(Given information)

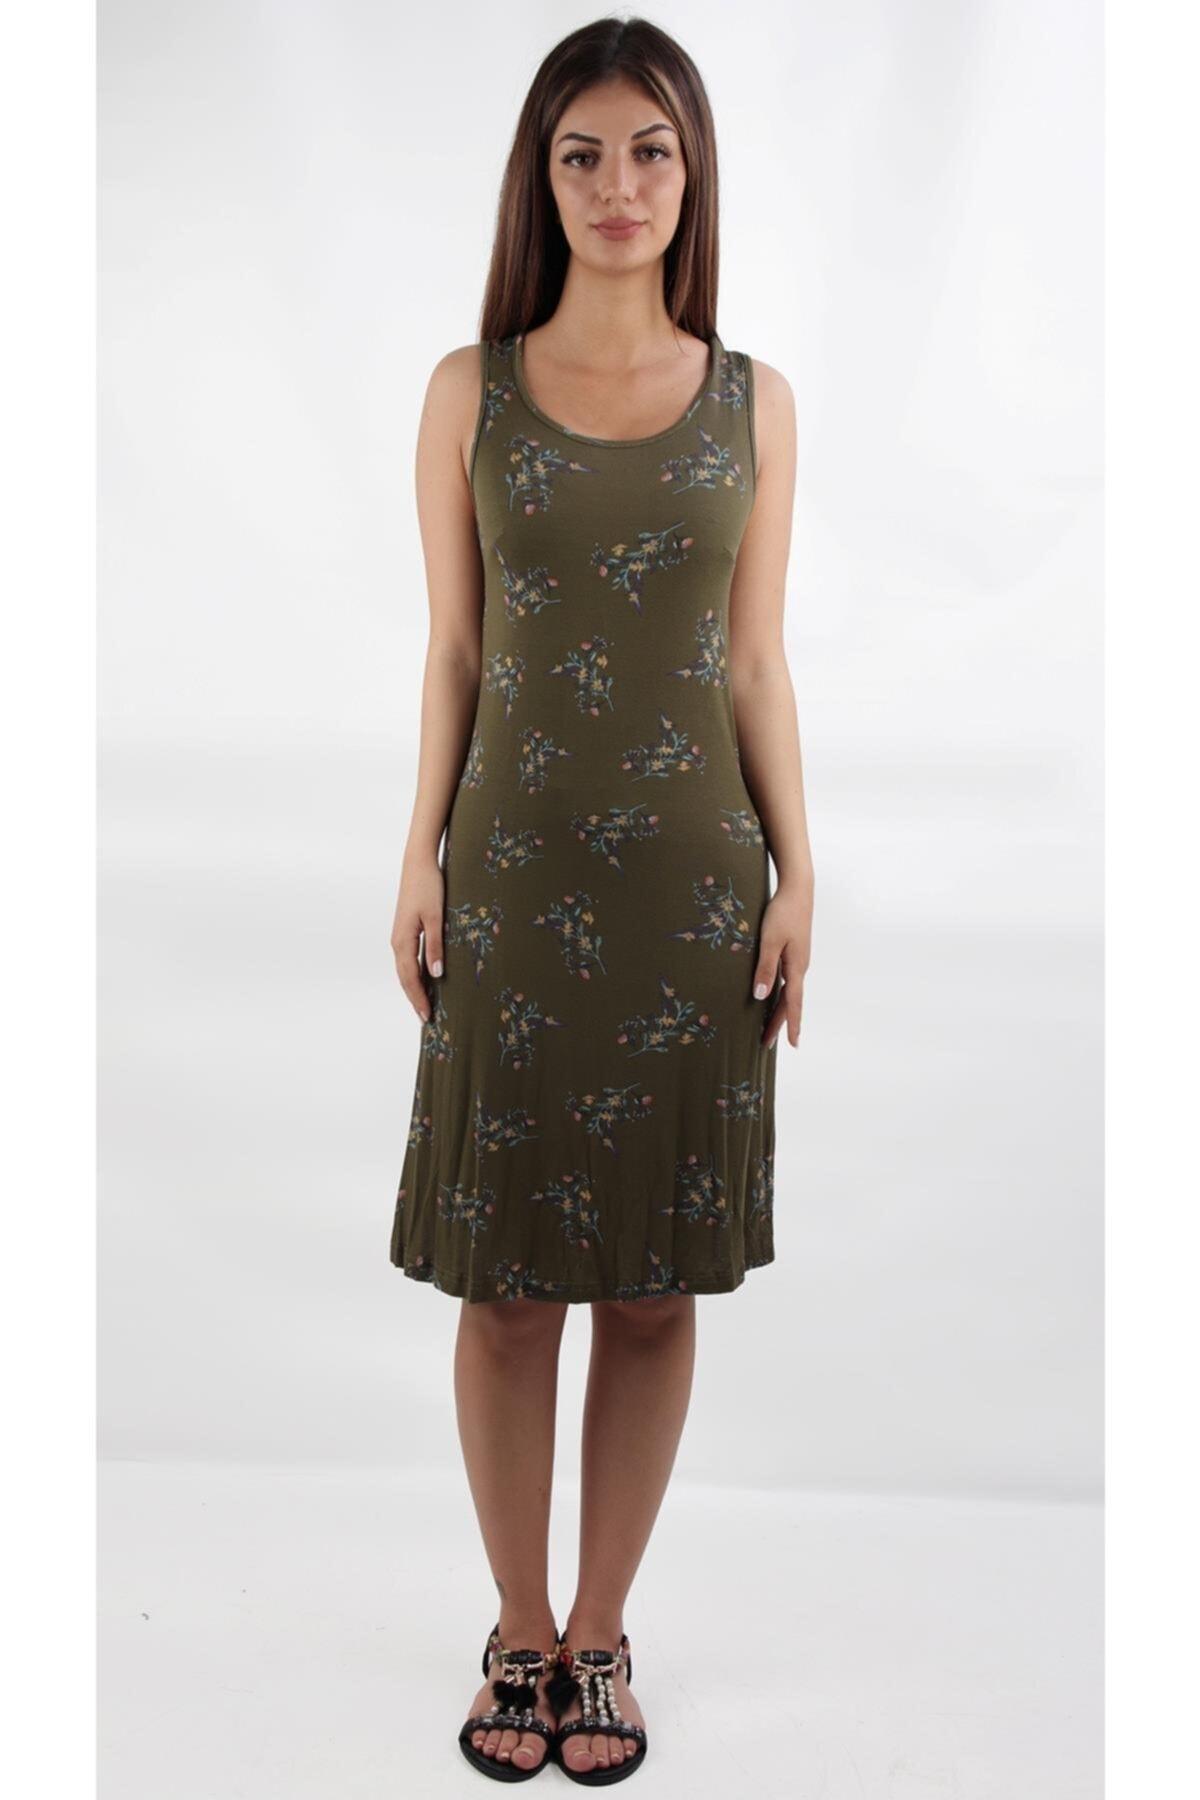 Kalın Askılı Çiçeklı Mıdı Boy Günlük Elbise, Haki (b19-49931)
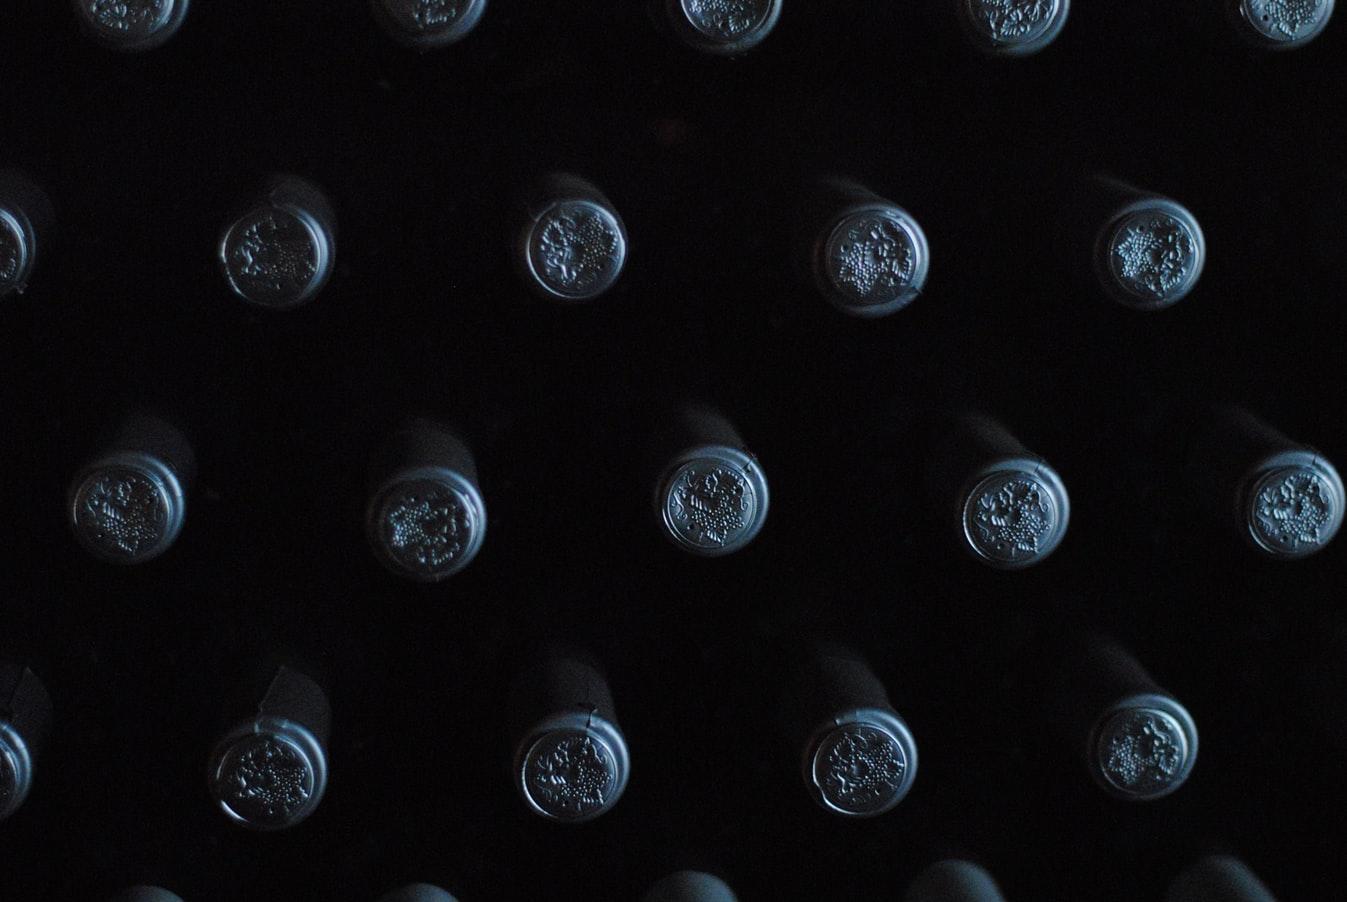 Pourriez-vous me dire les vins que vous connaissez?
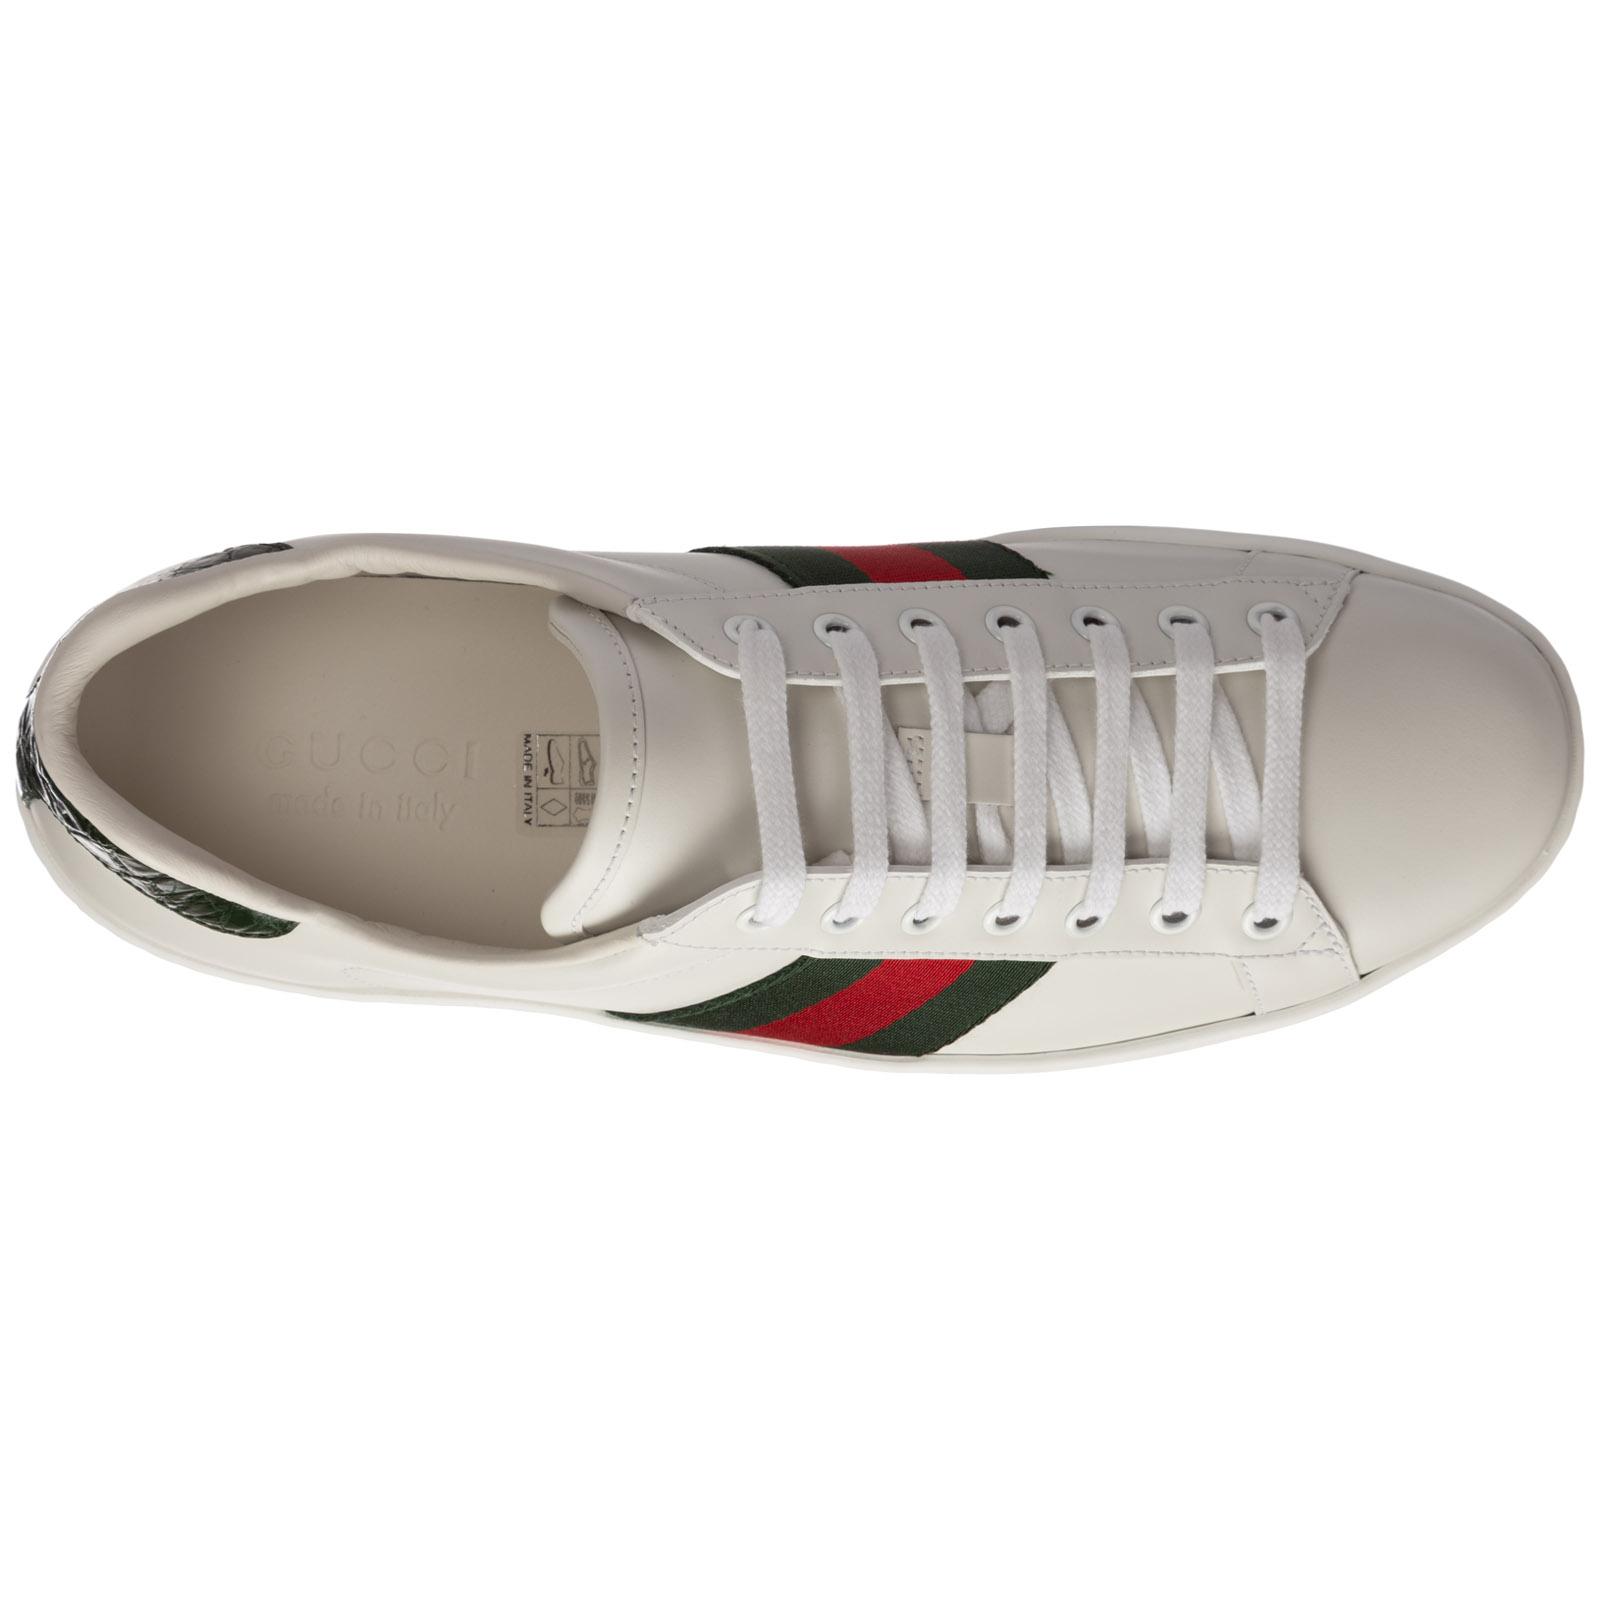 d136ef01205 ... Herrenschuhe herren leder schuhe sneakers mirò soft nastro ...

(End Given information)

Task to carry out » For this exercise, reproduce the data above exactly from the line containing "Pourriez-vous me dire" through its final line, both ends included, with no pictures in the copy.

Problem solution »
 Pourriez-vous me dire les vins que vous connaissez?
 d136ef01205 ... Herrenschuhe herren leder schuhe sneakers mirò soft nastro ...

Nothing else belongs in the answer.